“He collapsed? You mean they did CPR on him? That means he had no pulse, right?”
He was a familiar sight outside the hospital. And it was his voice which characterized him, which made him a regular feature of the place. So permanent and felt was his presence that I often thought of him as an extension of the building I walked past daily.
I supposed few who passed by him long enough liked him. He simply could not and would not be ignored. I remember a few friends telling me before, “ That’s really not the way he should be doing things.”
Doing what? Sitting on his wheelchair selling tissue paper, trinkets, sweets, pens with a delibrately unbuttoned shirt to showcase his permanent catheter at his right shoulder which he needs for dialysis, he would shout incessantly, “UNCLE! AUNTIE! BRUDDER! SISTER! HELP ME WITH MY DIALYSIS! PLISS!”
It had become so repetitive that the chant adopted its own robust rhythm, each time gaining momentum according to the waves of people who passed him.
“UNCLE! AUNTIE! BRUDDER! SISTER! HELP ME WITH MY DIALYSIS! PLISS!”
I used to buy tissue paper from him. But even then, I remember feeling irritated and ambivalent. Somehow, charity feels better when one feels empathy and compassion instead of compulsion. A good friend whom I admired a lot told me one day, “Well, I would support him if only he didn’t do it this way. I mean, he’s blatantly flaunting his perm cath and announcing his medical condition to everyone.”
I don’t know why or when but my heart hardened towards him. Maybe my friends were right-perhaps his loud grating voice, his neediness bordering on petulance and shameless exhibition of his medical condition really were extreme and a turn-off. I walked past him often, allowing his pleas to form an old, flaking crust over my heart. He has been there for years. He is almost a landmark.
A few weeks ago, on my way home from work with a senior I’d recently met in the Eye department, we heard those familiar chants again.
“UNCLE! AUNTIE! BRUDDER! SISTER! HELP ME WITH MY DIALYSIS! PLISS!”
She turned to me,” I used to think he was very irritating, but you know, he has a good heart.”
“What do you mean?” I asked. “How do you know? What makes you say that?”
Suddenly I became defensive, as if I was trying to justify and hide my repulsion toward him.
“ Do you know, he’s a patient in our Eye clinic. His vision is so poor he can only count fingers. I saw his medical social worker’s report- he has a few kids and he gives his hard-earned money to them. He’s a very nice man, but he’s so misunderstood. He can’t see our faces as we walk past him, you know. That’s how bad his vision is.”
Which explained his faraway look and his too-loud voice, perhaps, since he could not quite see.
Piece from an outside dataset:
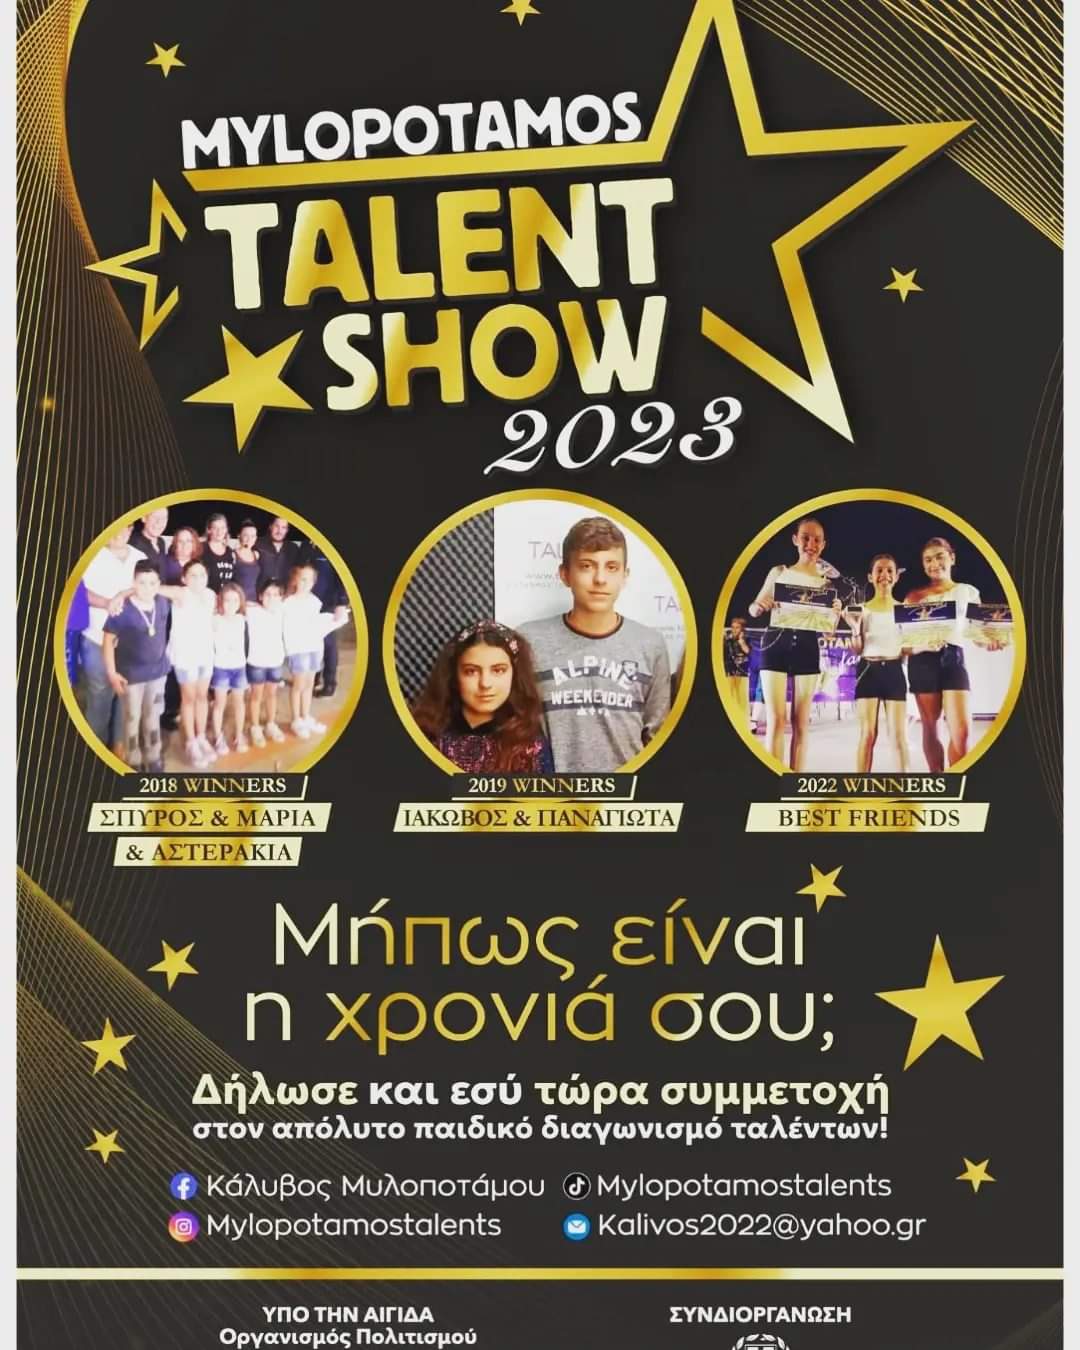 Mylopotamos talent show

She cut across me to buy some tissue from him, and I immediately felt like a fish out of water, because I was usually in her position. Was she right? Could I trust her story? It then struck me, how judgemental I had been, and how contrived and conditional my compassion was.
Why did I choose to walk by him? Did I think he was irritating, coy or greedy? Did I think he didn’t deserve to beg? Or did his presence challenge my love and generosity so much that I chose to blot him out? He did have a permanent catheter, he did have to undergo the pains and suffer the financial burdens of dialysis, he did have amputated legs, what was it about his brazen honesty that made me turn my cheek away from him? Why do we choose who we wish to love?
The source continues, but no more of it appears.